Mallory volvió a mirar por la ventana, y luego movió la cabeza aprobando con imperceptible satisfacción. Jensen no hubiera podido elegir un equipo mejor aunque hubiera peinado todo el Mediterráneo. De pronto, se le ocurrió pensar que era eso precisamente lo que Jensen había hecho. Hacía casi un mes que Miller y Brown habían sido llamados a Alejandría. Y casi otro tanto que el relevo de Stevens había llegado a Malta a bordo de su crucero. Y si su máquina carga-baterías no se hubiera caído por aquel barranco en las Montañas Blancas, y el acosado correo del puesto de escucha más cercano no hubiera tardado una semana en recorrer cincuenta millas de montañas nevadas y patrulladas por el enemigo y otros cinco días para encontrarles, él y Andrea hubieran estado en Alejandría casi una quincena antes.

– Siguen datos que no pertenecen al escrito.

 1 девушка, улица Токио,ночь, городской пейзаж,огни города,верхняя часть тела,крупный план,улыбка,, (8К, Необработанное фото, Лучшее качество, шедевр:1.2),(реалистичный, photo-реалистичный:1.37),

La alta opinión que Mallory tenía ya de Jensen subió una muesca más. Hombre de gran perspicacia, y que proyectaba de modo perspicaz, era evidente que Jensen había tenido su plan dispuesto incluso antes del primero de los dos fracasados aterrizajes de paracaidistas en Navarone.

Eran las ocho y en el avión reinaba casi la oscuridad. Mallory se levantó y se encaminó hacia la cabina de control. El capitán, con la cara envuelta en humo de tabaco, estaba tomando café. El copiloto saludó lánguidamente con la mano al verle acercarse.

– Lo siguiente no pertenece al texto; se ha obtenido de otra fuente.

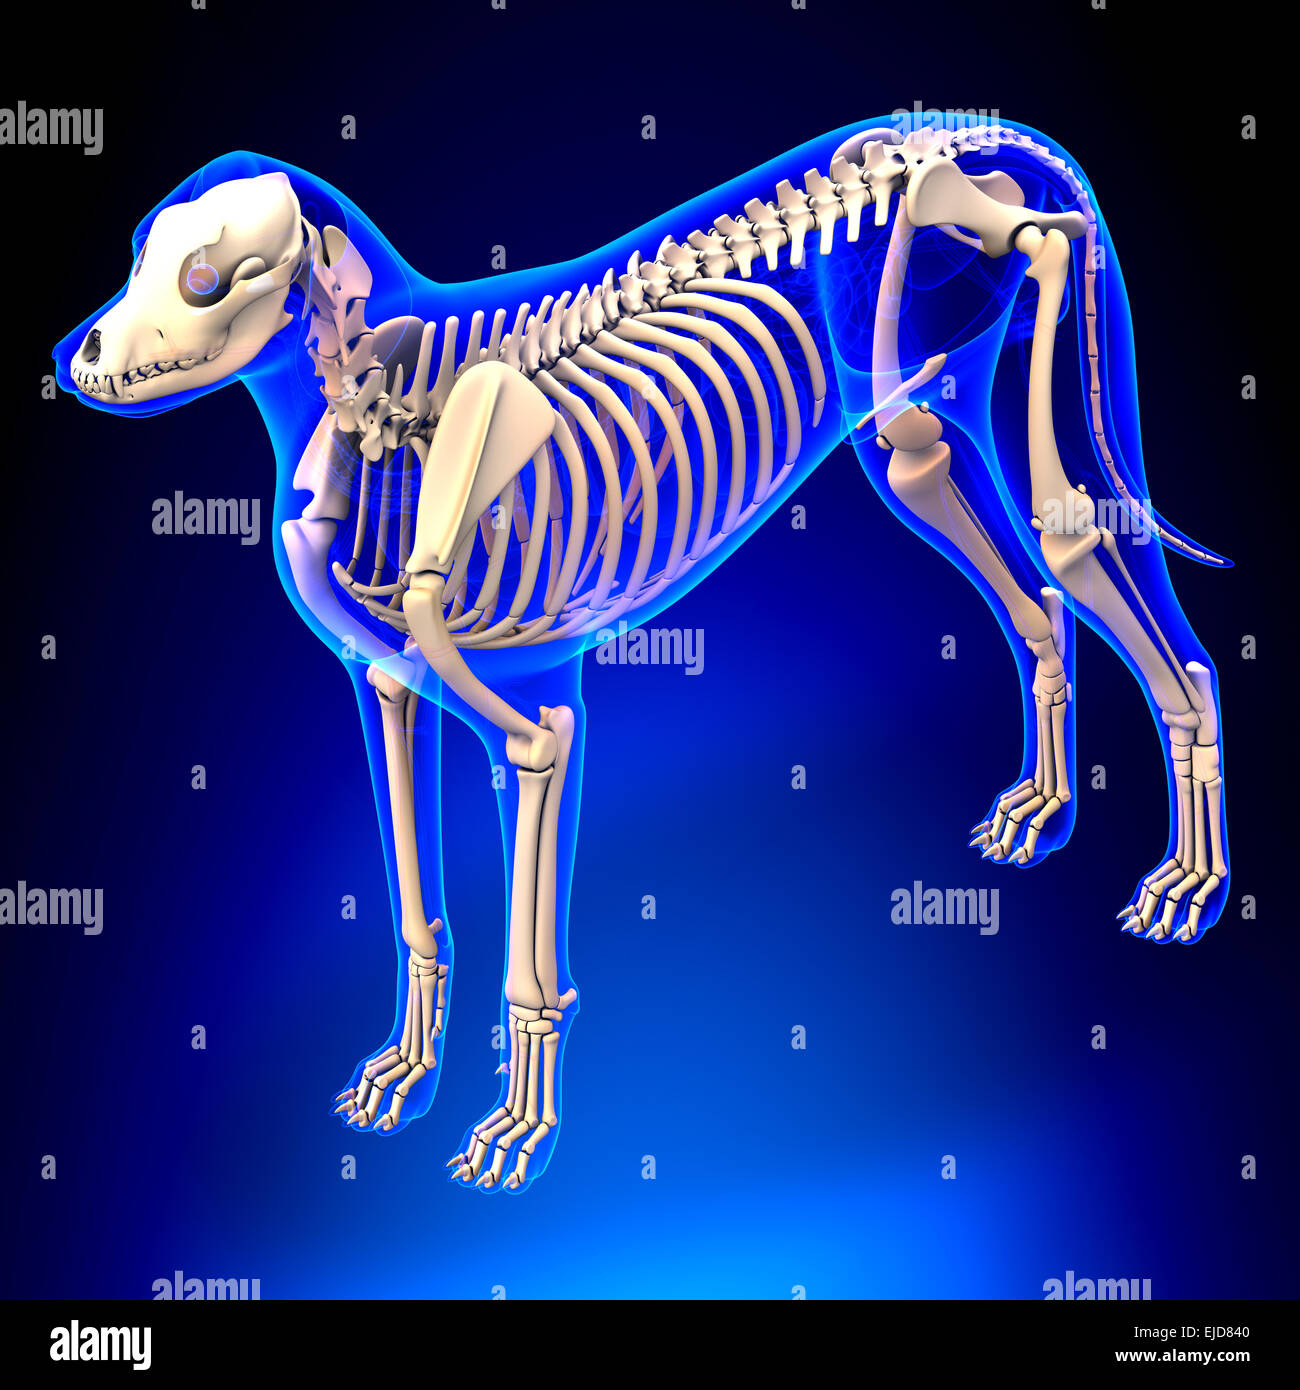 Squelette de chien - Canis lupus familiaris Anatomie - Vue en perspective Banque D'Images

—Buenas tardes —saludó Mallory, a su vez—. ¿Le importa que pase?

—Será siempre bienvenido a mi
oficina
—le aseguró el piloto—. No necesita pedir permiso.

—Temí que estuviera usted ocupado… —Mallory se detuvo y contempló de nuevo aquella escena de experta inactividad—. ¿Quién lleva este avión? —preguntó.

—George. El piloto automático. —Señaló con la taza de café hacia una caja negra y chata, cuyo borroso contorno apenas resultaba visible en la casi total oscuridad—. Un tipo trabajador, que comete muchas menos equivocaciones que el perezoso cancerbero que se supone está de guardia… ¿Desea usted algo, capitán?

—Sí. ¿Qué instrucciones tiene para esta noche?

—Tan sólo dejarles en Castelrosso cuando esté bien oscuro. —El piloto hizo una pausa y agregó con franqueza—: No lo entiendo. Un aparato de este tamaño sólo para cinco personas y unas doscientas libras de equipo. Especialmente para Castelrosso. Especialmente de noche. El último aparato que llegó aquí de noche, no hizo más que continuar bajando. Obstrucción submarina… no sé lo que fue. Dos supervivientes.

—Ya lo sé. Oí hablar de ello. Lo siento, pero yo también cumplo órdenes. En cuanto al resto, olvídelo. Y le digo en serio, olvídelo. Recuerde a su tripulación que nadie debe decir ni una sola palabra. No nos han visto nunca.

El piloto asintió malhumorado.

—Ya nos han amenazado a todos con someternos a consejo de guerra —dijo—. Cualquiera diría que tenemos entre manos una espantosa guerra.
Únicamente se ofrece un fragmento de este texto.